If I ask of an Information Retrieval system (ie. a search engine), “Which distributed graph database best optimises for HTTP request trace storage?”, anything not featured on the first page is essentially filtered. For an example of the IF <-> IR relationship that is more applicable to newsfeeds and online media space, think of the question “How can I engage and act politically in order to safeguard the economic futures of local miners in my community?”. The IF mirror of that is “I don’t want information that hinders my goal of safeguarding the economic futures of local miners in my community”. We recently had a period where people really needed answers to these kinds of questions, and unfortunately their newsfeed technologies failed them.

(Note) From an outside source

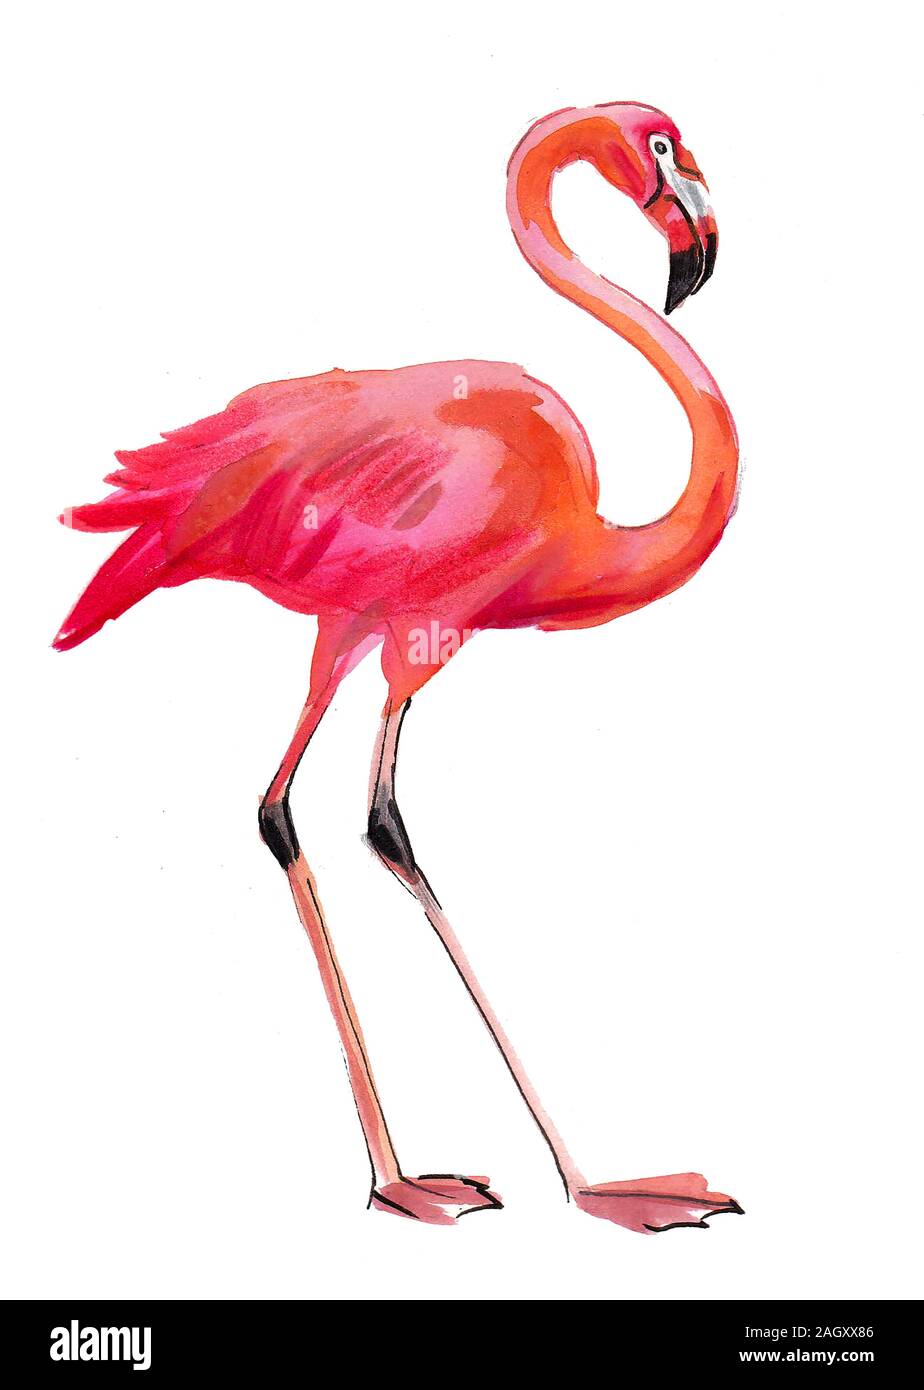 Flamingo bird on white background. Ink and watercolor illustration Stock  Photo - Alamy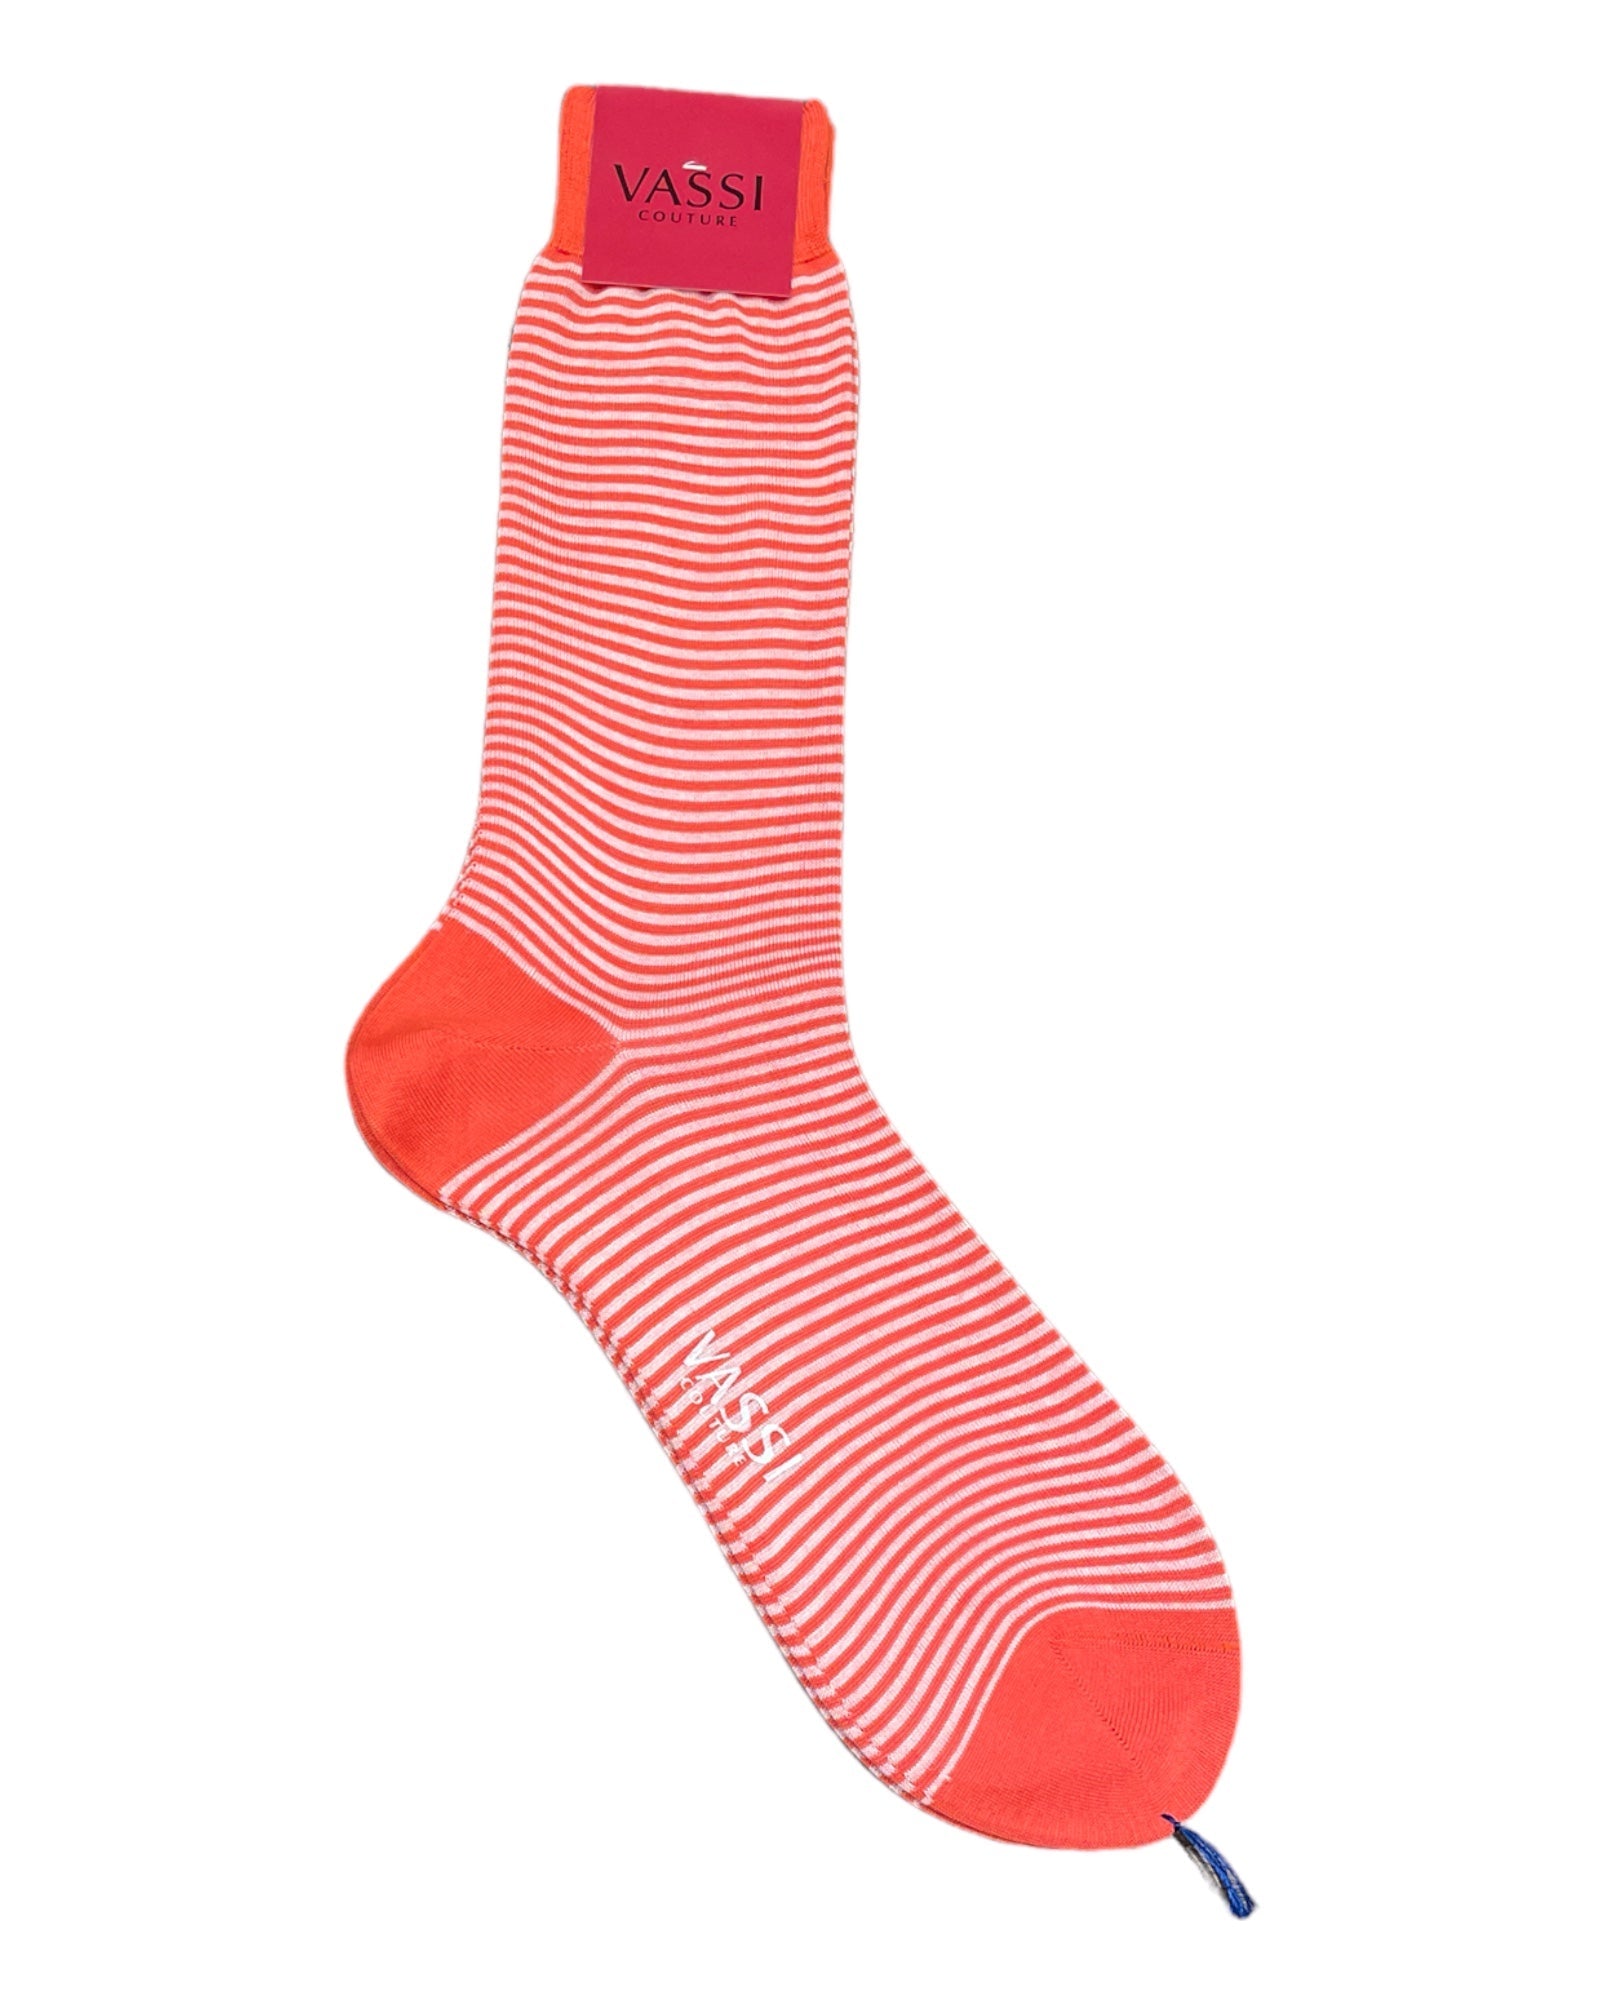 Extra-fine Horizontal Striped Cotton Socks - Tangerine Socks

What have we got to work with

Wanting to whack together an information filterer myself, I went after existing implementations and research. Information Filtering was a bit of a thing 30 years ago, before even Google, and well before Facebook. Systems like “The Information Lens”, INFOS, SIFT, and NewsClip. Most were concerned with managing and improving the user experience with UseNet. God knows how they’d deal with today’s content networks, but at least they were trying and at least they seemed to be for the user.

As an interesting analogue to problems with today’s platforms that ‘push’ content to the user, similar push-based system existed for research and business use-cases in the 90’s. Even with the use of information-filtering tooling, such systems were found to be distracting and time-consuming for users. The lesson here in that linked passage is so clear it’s like it leaps out of 2003 and smacks you in the face. In professional environment, people recognise the value of employee time, and wasted time is an expense. For social networks, user time is an asset, and wasted time barely makes any sense to them.

If I had to speculate, the user experience on internet back in the late 90’s and early 2000’s was such that information filtering tools weren’t required, and now fast-forwarding to 2017 we have a paucity of good software tooling in the problem space. UseNet was created back then, and heaps of tooling around the RSS format, because they addressed the peculiar needs of the time. Then everyone and their nana joined the internet, Aggregation Theory took hold, and now the internet is a place dominated by great aggregators and ad-revenue incentives.

Going Forward

For now I think the highest priority in the IF space is fostering an open-source, public community led effort to make user content preferences explicitly defined, compose-able, and shareable.

  • Explicitly defined: not ‘I didn’t click on this show don’t show me it’, but ‘filter out anything involving X’.
  • Compose-able: the characterisation of everything I don’t want show to me is a a complicated thing. The content-based equivalent of a hostfile blacklist won’t cut it.
  • Shareable: I should be able to share my IF configuration both with other people and with new content providers I want to engage with. Don’t make me select topics I’m interested in or not interested in over and over again.

Those three above would let users take back control of their content feeds from companies whose predominant goal is to cultivate large groups of eyeballs for advertisers.